- EXERCISE
Restate, exactly as written, the entries below from the line that holds "0314-strawberry1-960x1256.jpg" through the line that holds "Central de arquitectura". Pictures are not part of the copy.

- THE RECORDS
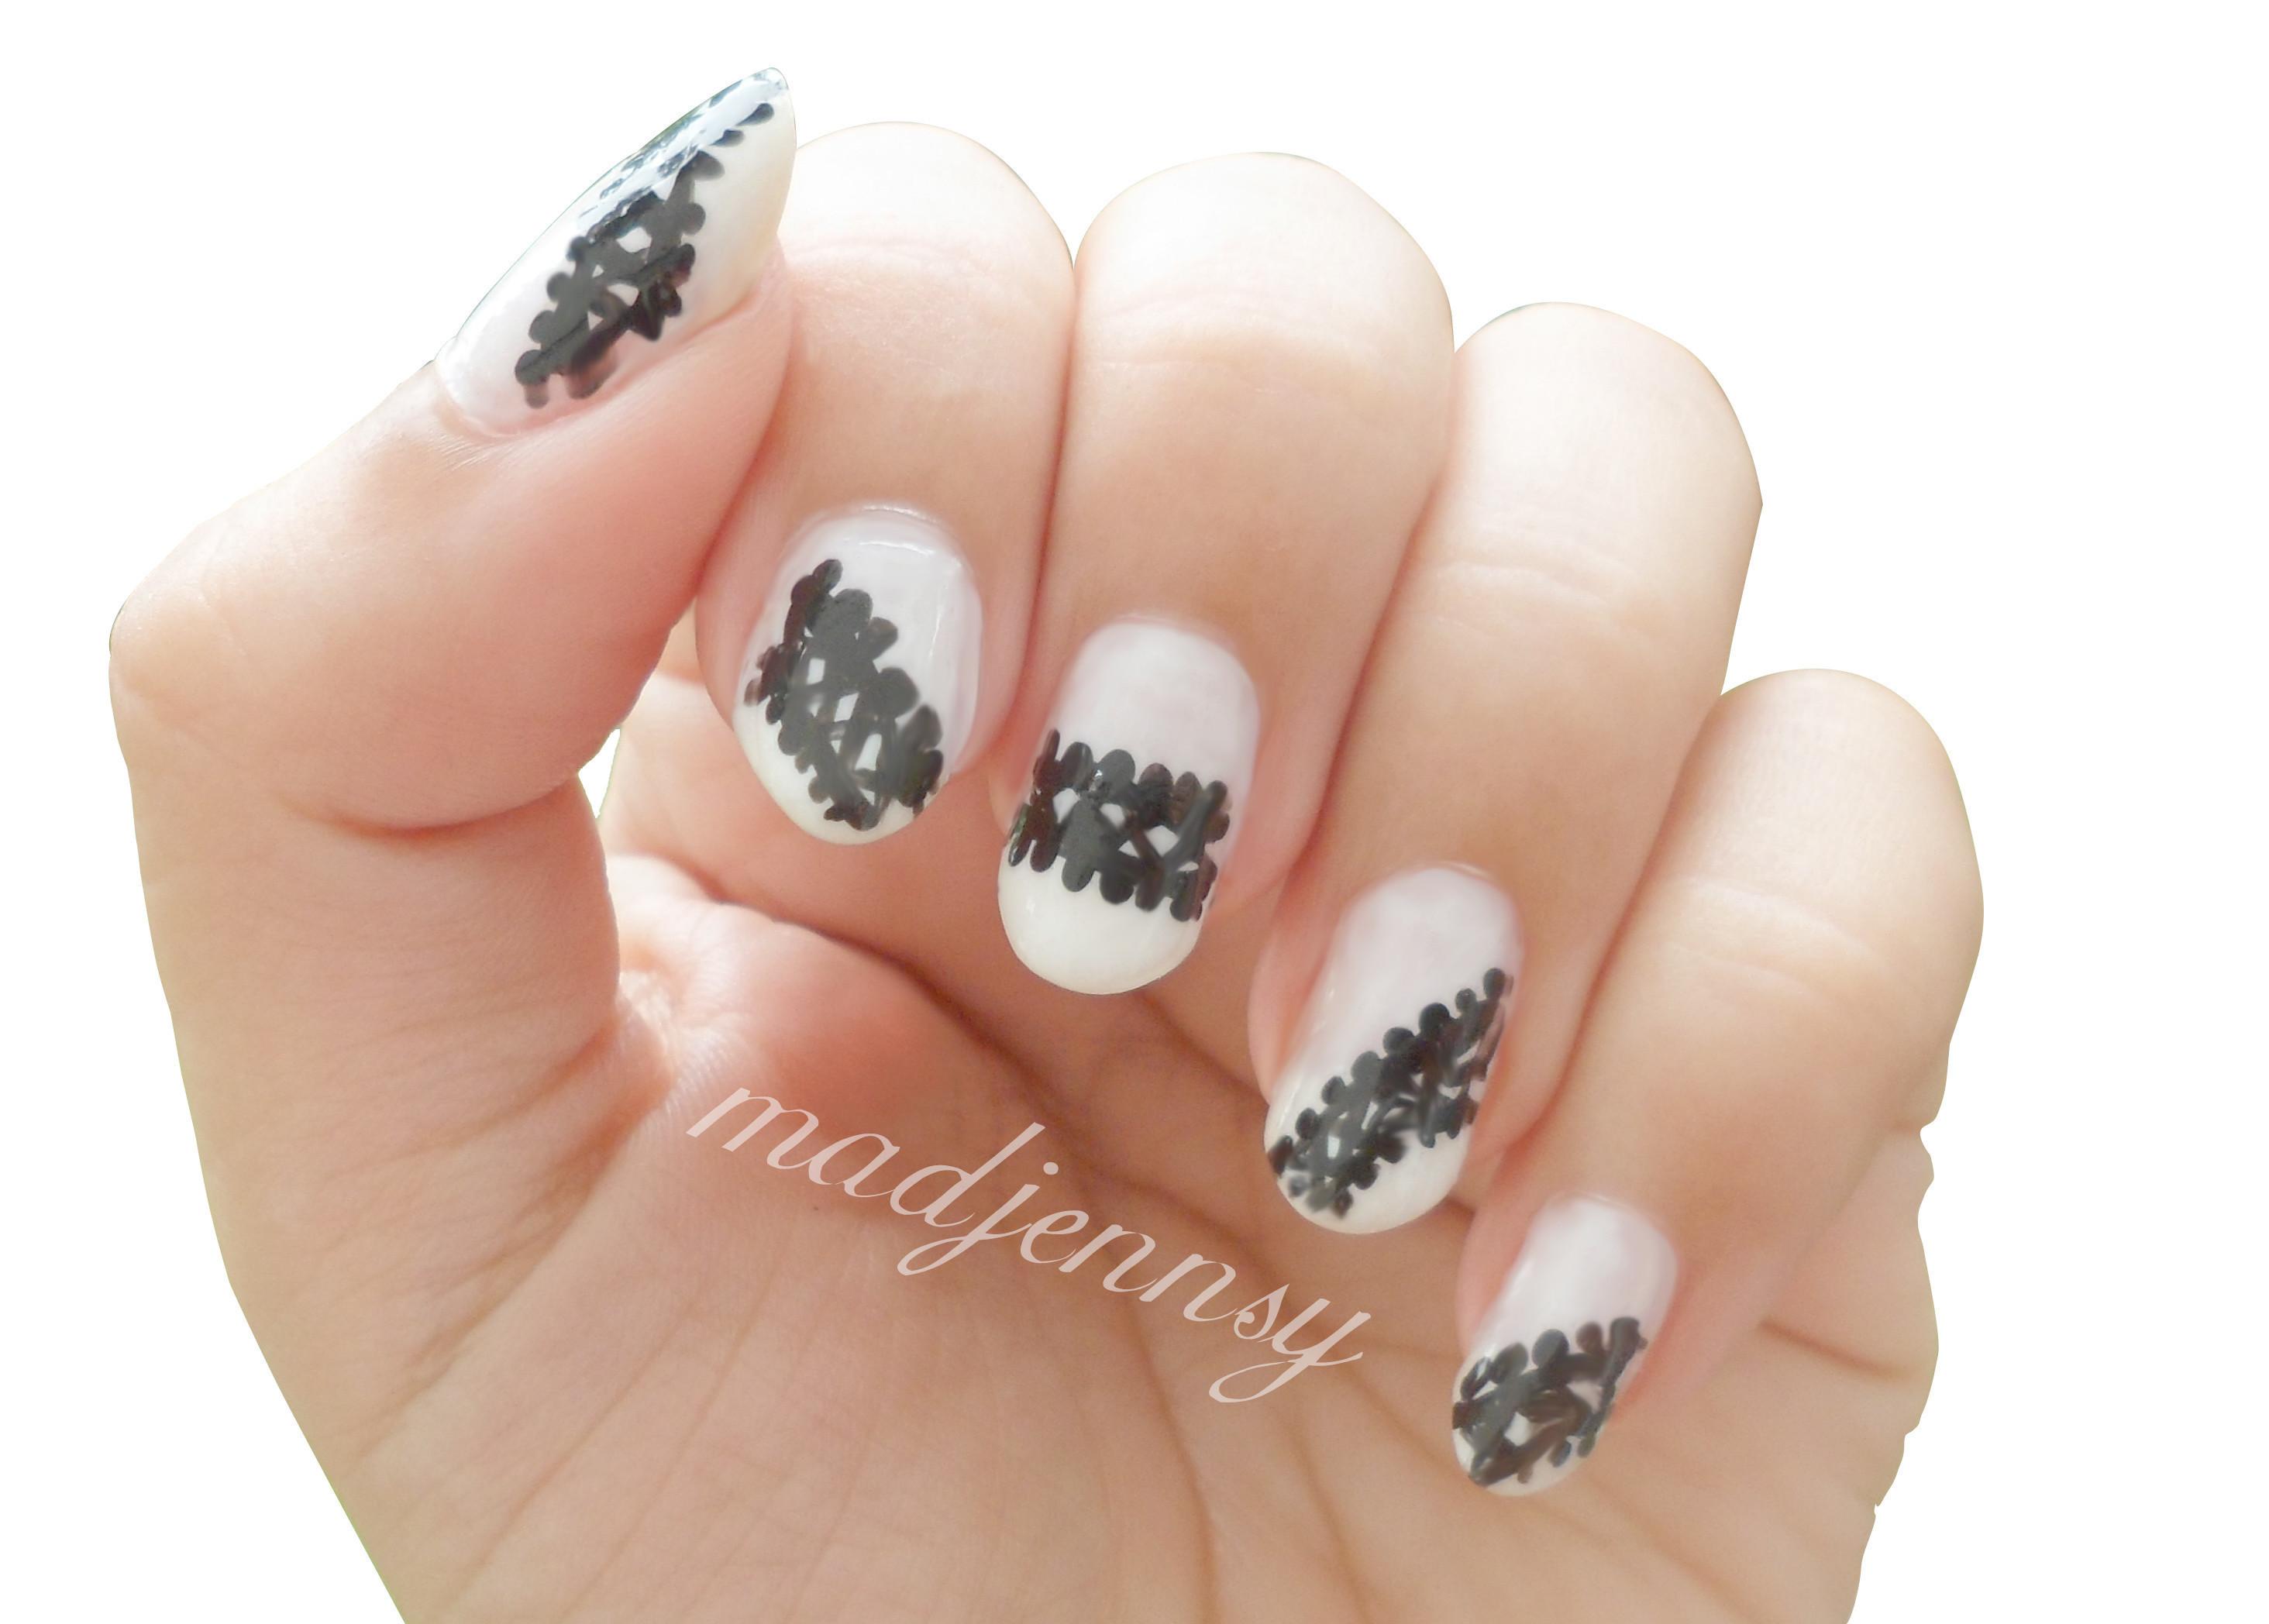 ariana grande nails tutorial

* * *

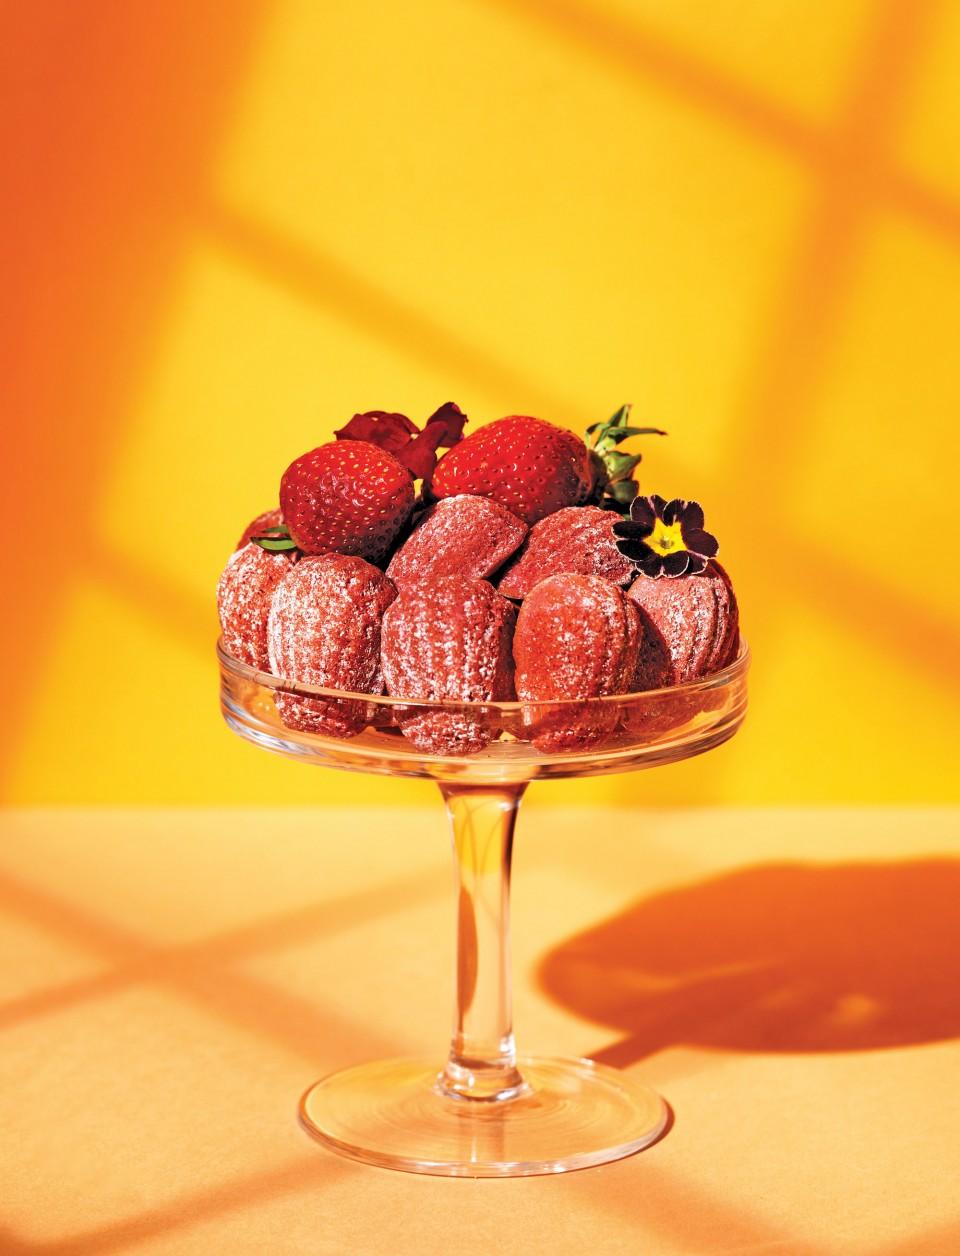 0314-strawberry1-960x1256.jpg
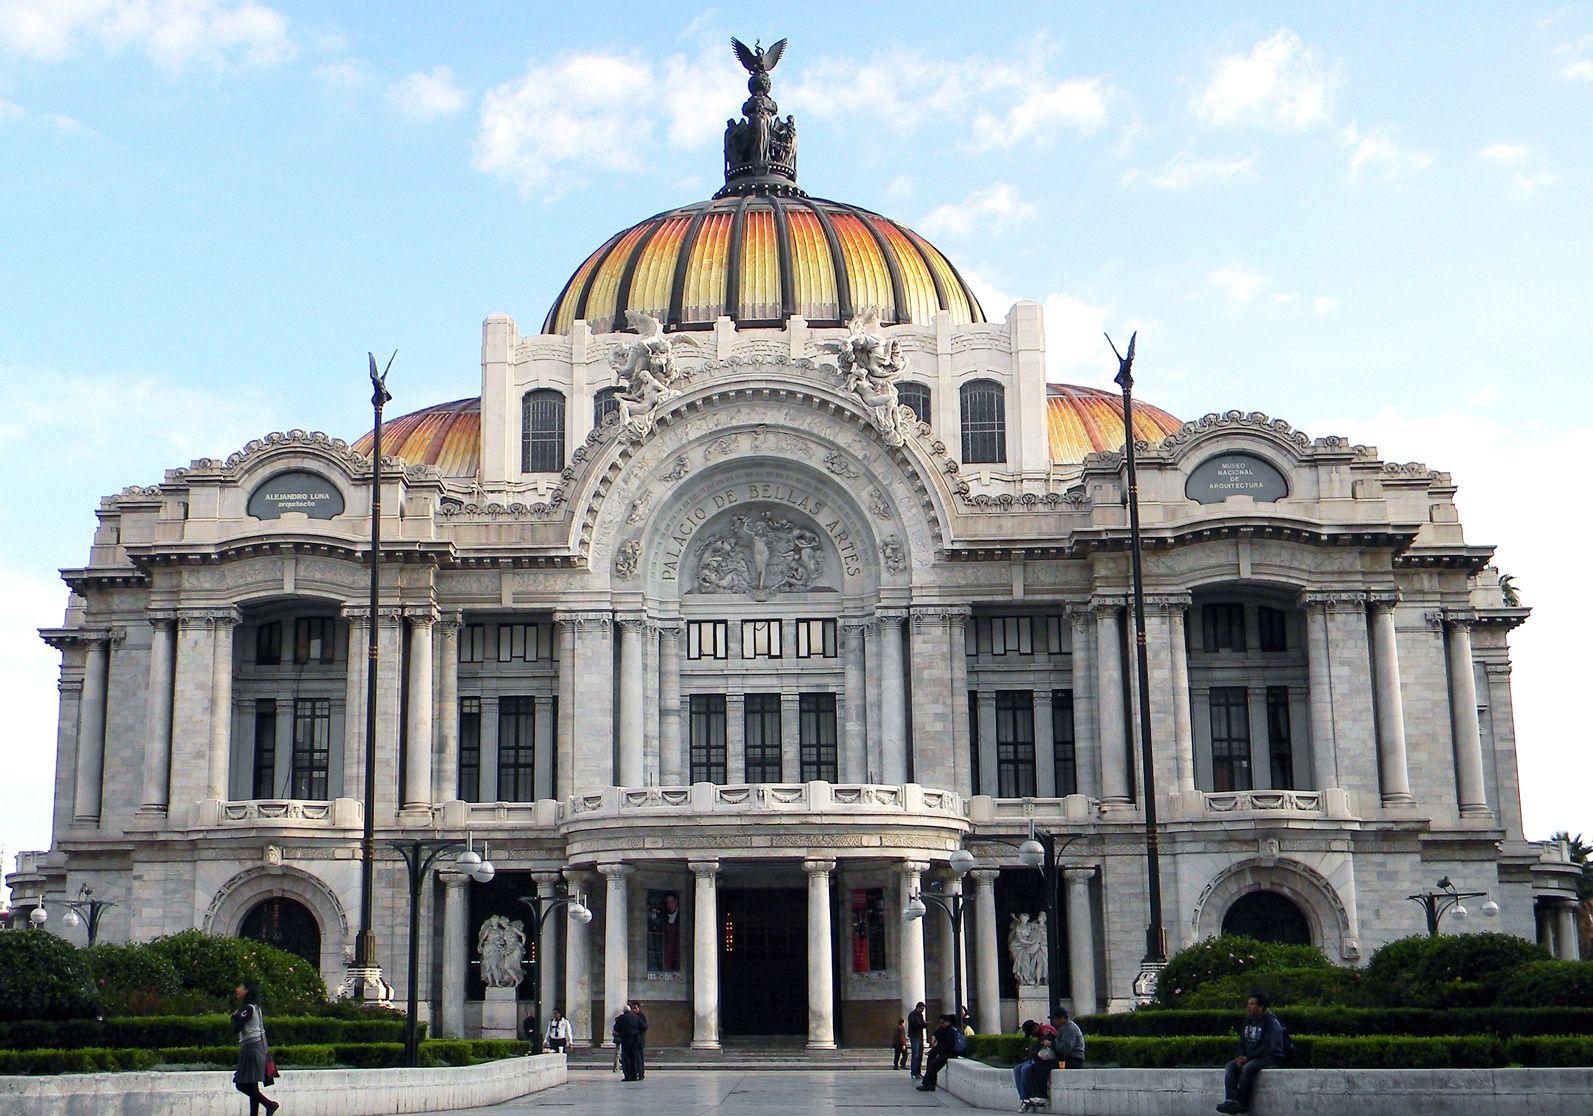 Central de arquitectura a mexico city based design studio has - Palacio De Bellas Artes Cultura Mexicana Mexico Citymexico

- ANSWER FOR THE TASK
 0314-strawberry1-960x1256.jpg
 Central de arquitectura a mexico city based design studio has - Palacio De Bellas Artes Cultura Mexicana Mexico Citymexico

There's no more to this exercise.